** Recorded data follows **
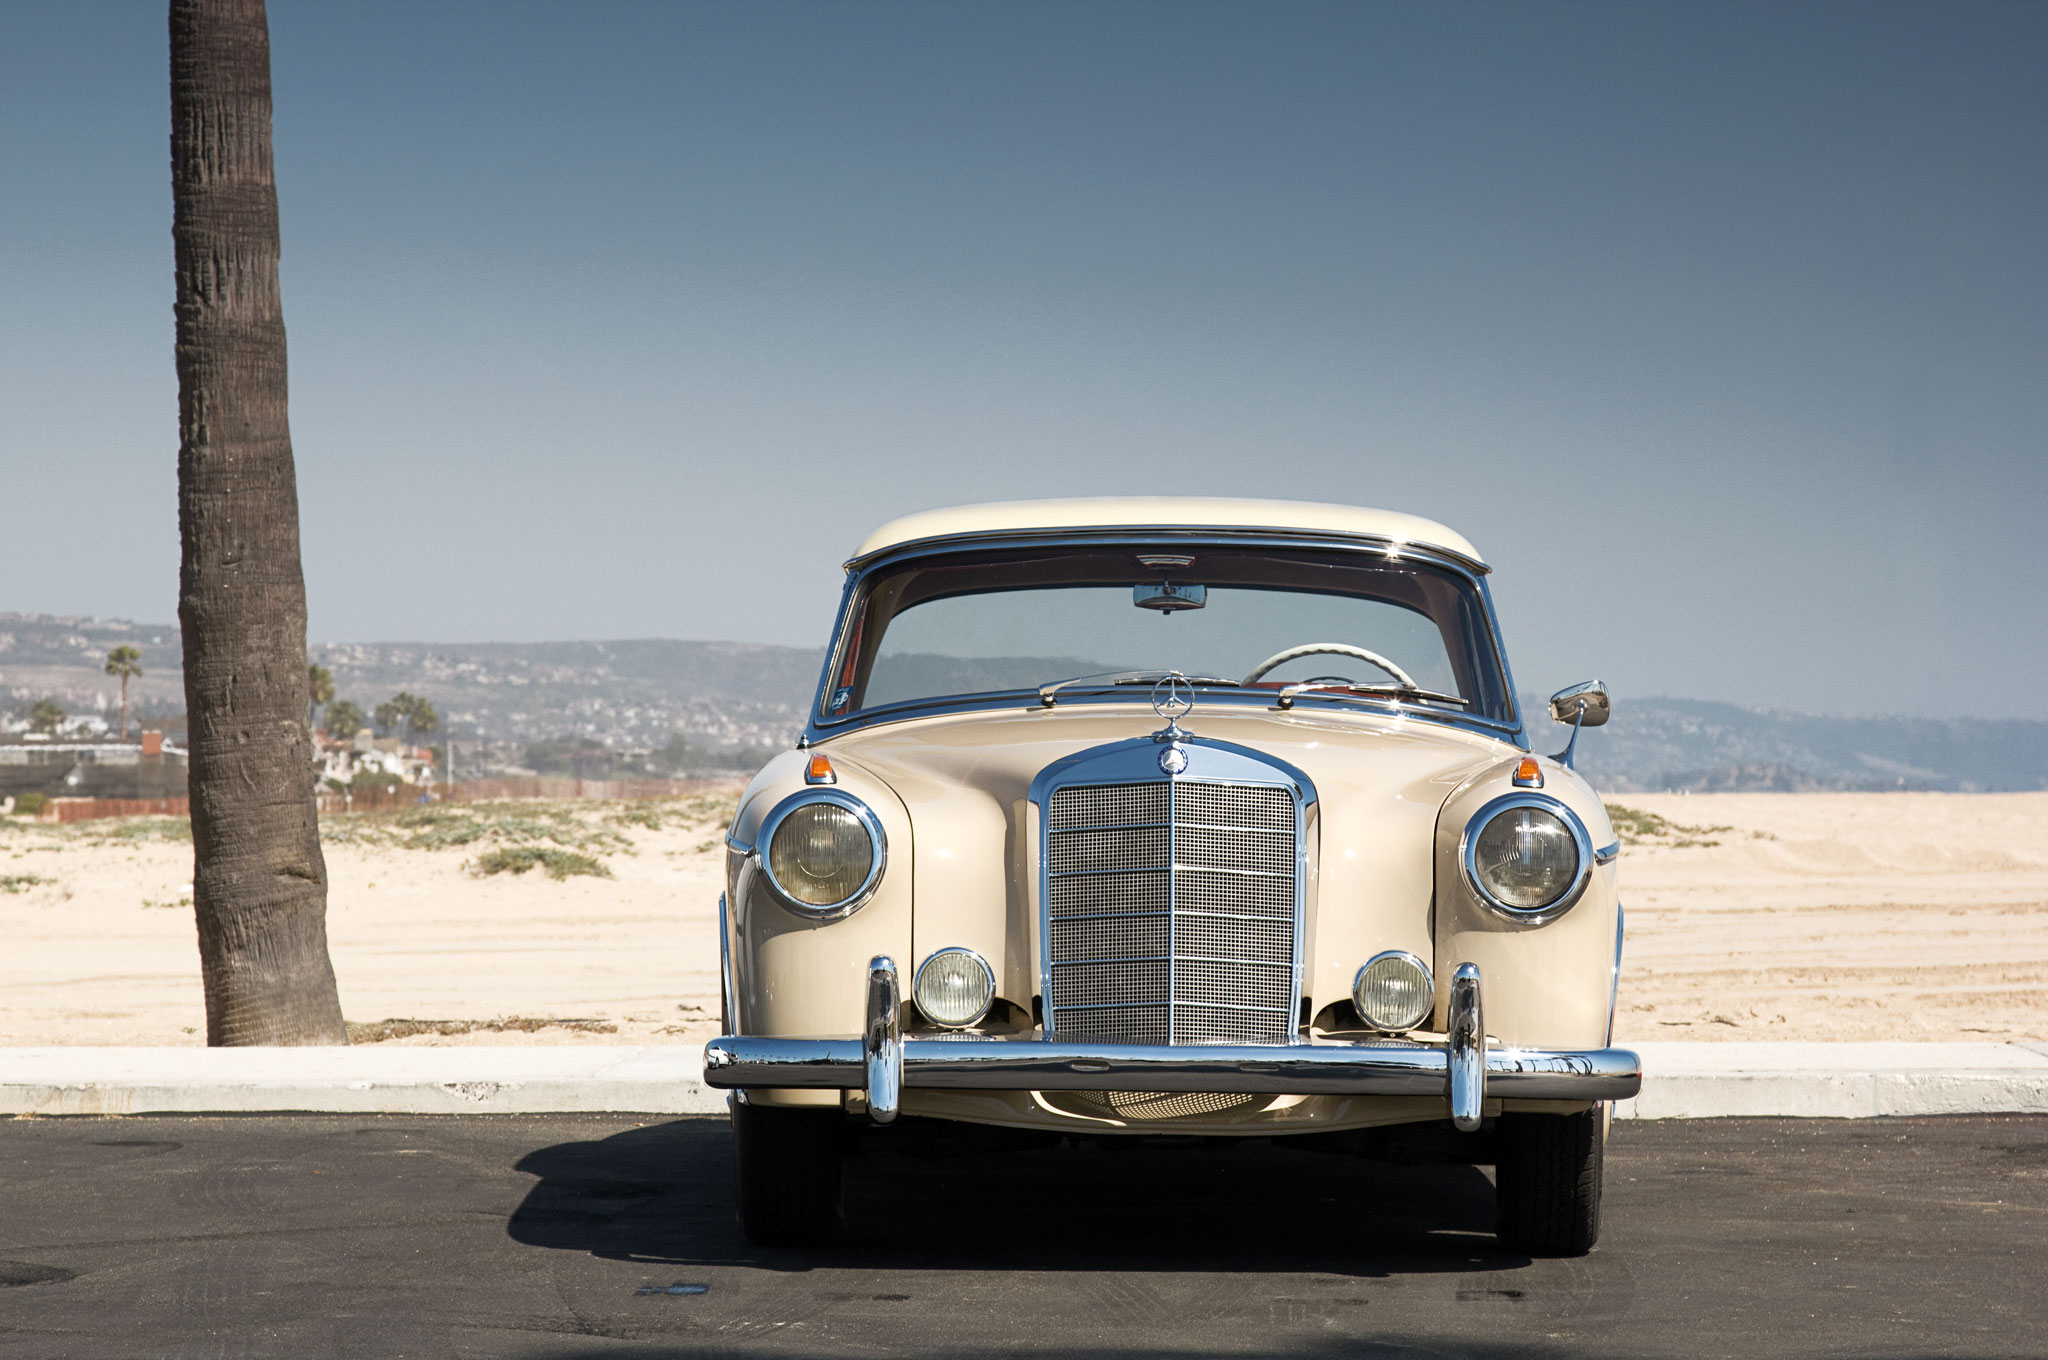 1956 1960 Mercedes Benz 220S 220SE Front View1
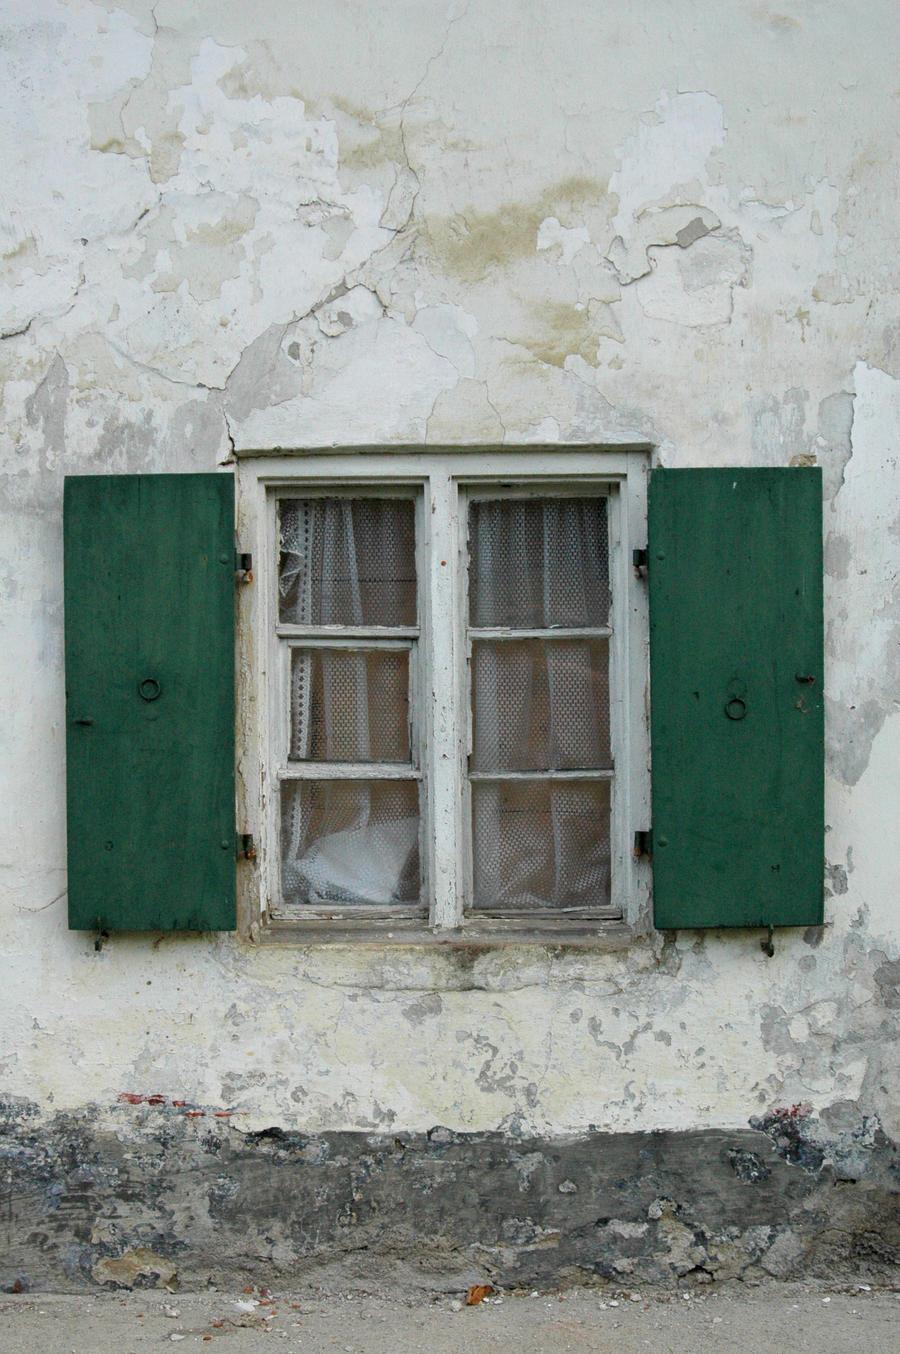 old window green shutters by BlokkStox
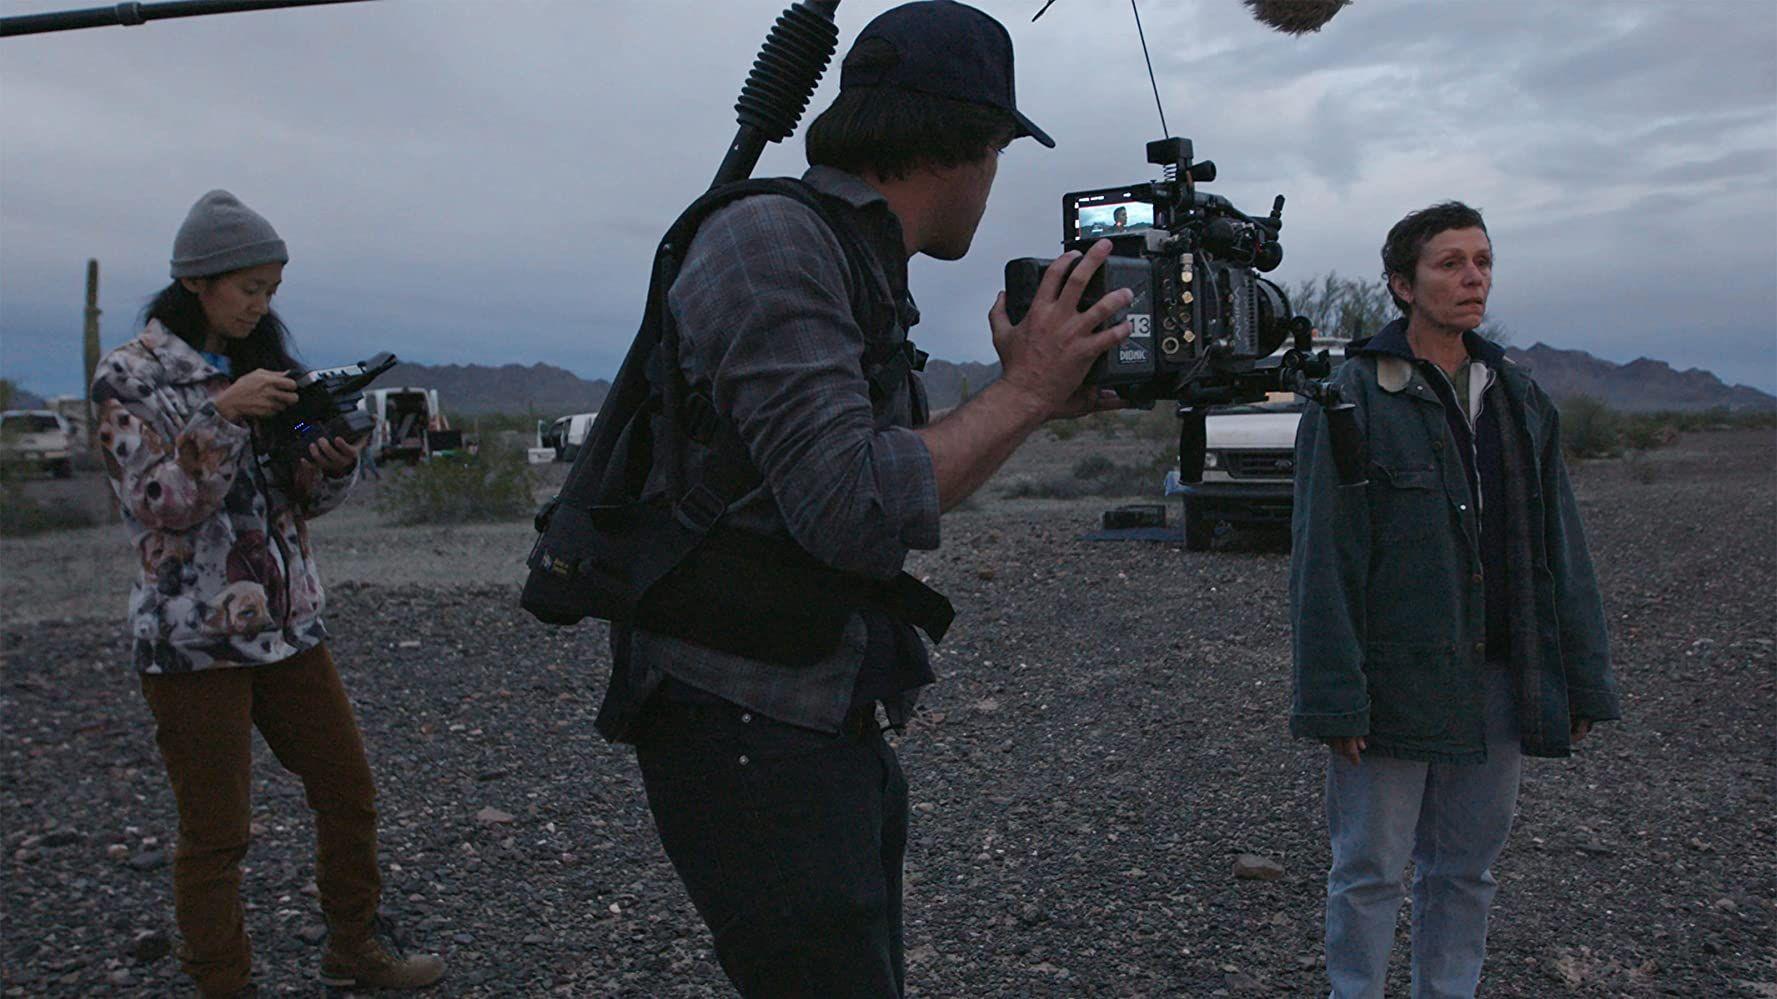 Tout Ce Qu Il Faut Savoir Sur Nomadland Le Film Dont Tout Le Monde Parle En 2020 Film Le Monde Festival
** End of Recorded data **
◆ Task statement
Pictures are to be left out; all other data must be returned exactly.

◆ Task response
 1956 1960 Mercedes Benz 220S 220SE Front View1
 old window green shutters by BlokkStox
 Tout Ce Qu Il Faut Savoir Sur Nomadland Le Film Dont Tout Le Monde Parle En 2020 Film Le Monde Festival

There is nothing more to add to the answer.